Death of a democrat?
by Bright Molande, 22 June 2006 - 04:45:44
It was from the darkening sky of 14 June that he came. Just on the day we cry Long Live Genuine Democracy, Chakufwa Chihana was landed after a long flight of his soul. Cry, the beloved Chihana.
He was first to openly cast a stone against dictatorship as an individual. Now dead, Long Live Democracy! He was an epic hero, once though.
While Dr Hastings Kamuzu Banda was still a dictator, Chihana landed at Kamuzu International Airport in the dust of the storm of change and opened the Pandora’s Box. Change was here and no-one could stop it. Even vendors of the holy weed crawled out in white robes and sheep skins to preach democracy.
Chihana briefly appeared from the clouds and soon disappeared in the dust of the storm of prison life. Only his two fingers rudely remain in our memory, pointing at the path to our destiny.
But his voice was a little match that ignited the roaring fire that leapt and advanced to devour the ruling crocodiles and jackals that wagged their tails around Kamuzu Banda. They charged back, threatening to devour the preachers of our salvation. Kamuzu said “not in my name”.
He whose voice echoed from Sapitwa to Nyika, “If I should die, my blood will be the fuel of democracy,” today, his death speaks of freedom better than his precious life.
Alone, he braved trials of the times behind the prison bars of crocodile jaws while the Alliance for Democracy (Aford), the pressure group he led, caught the fire of change and roared across the nation. Even sceptical professors jumped in and sang, “Onward Malawian Soldiers, Marching as to Freedom.” It was a national cause.
But, “Chihana came out of prison only to pack Aford back to kuthengere, digging its political bunker which has turned out to be its grave in the North,” a well informed analytical journalist at The Nation now laments.
He became too wiser than his people. He forgot, no man is greater than his people. Aford was buried in the North, buried with the cherished dream of dragging the North to the centre without thinking nationally. Shame!
Politically, Chihana lived the life of the dead long before his physical death. “Only Chihana and his daughter-in-law make Aford,” shall be the last of the leading headlines celebrating his political career.

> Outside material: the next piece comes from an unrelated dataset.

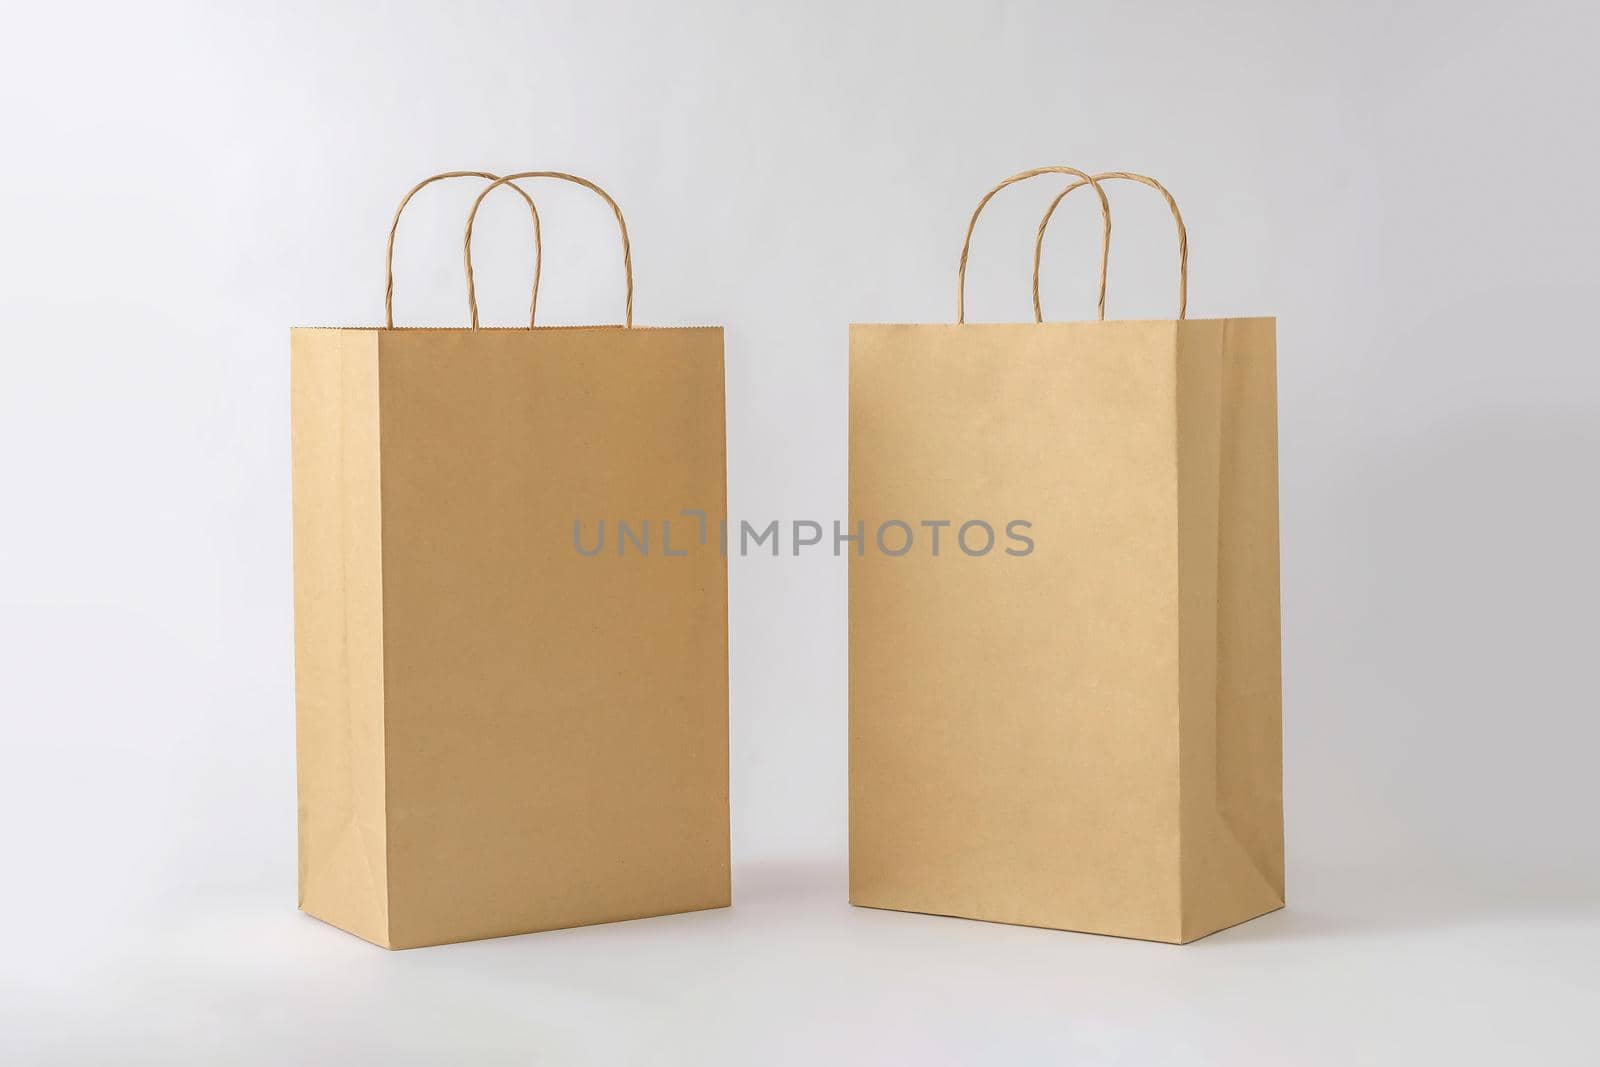 Two blank paper cardboard container packs for commercial shopping by sergii_gnatiuk

The corrosive disillusionment caused by Messiah still haunts our political nightmares.
Former President Bakili Muluzi the (other) Father of Democracy dragged Chihana around like a kid puppet while he flowed downstream like a lifeless fish that could no longer swim upstream. And when Lucius Banda mourned in his song that “All he knows is just how to follow,” we knew the political stamina to lead was long lost in political power.

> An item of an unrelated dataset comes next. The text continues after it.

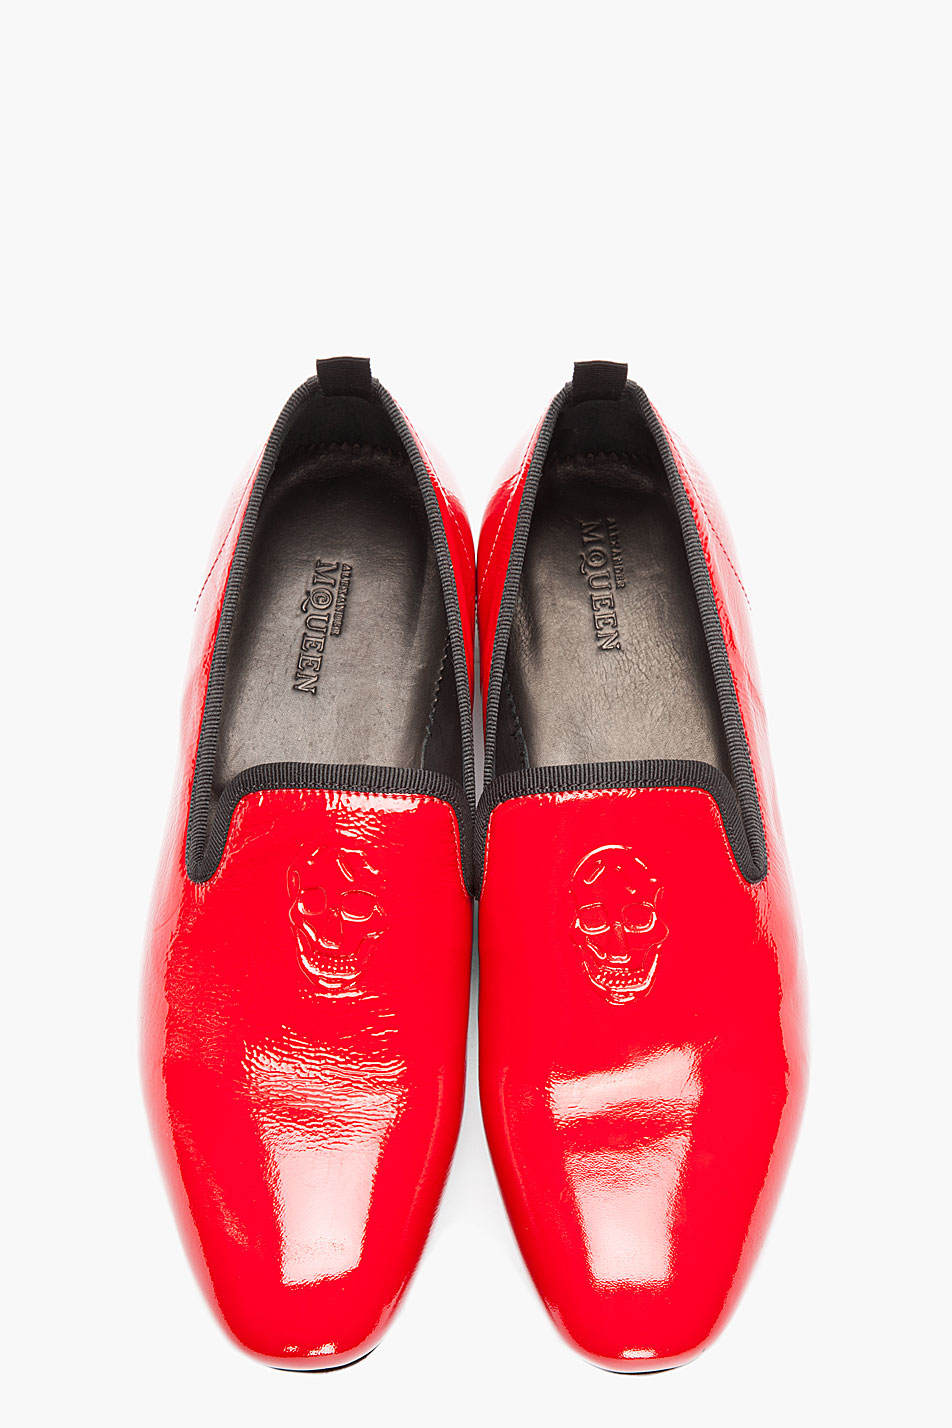 Lyst - Alexander McQueen Red Patent Leather Loafers in Red for Men

And Muluzi mocked him, “some of these parties will end like curtains.” Chakufwa the Democrat picked up the wisdom and tore his party with his own hands.
The democrat set out and retreated to Sapitwa—out of reach in his blind quest to become a god, now all gone and dead. As we bury the remains of this freedom fighter, will his disciples really bury his spirit?
But Chihana deserved a state funeral, buried in a stately casket and not a coffin (although a “casket” is only American English while “coffin” is British English for the same thing we call bokosi). That must not speak of his social status but of what he was, once.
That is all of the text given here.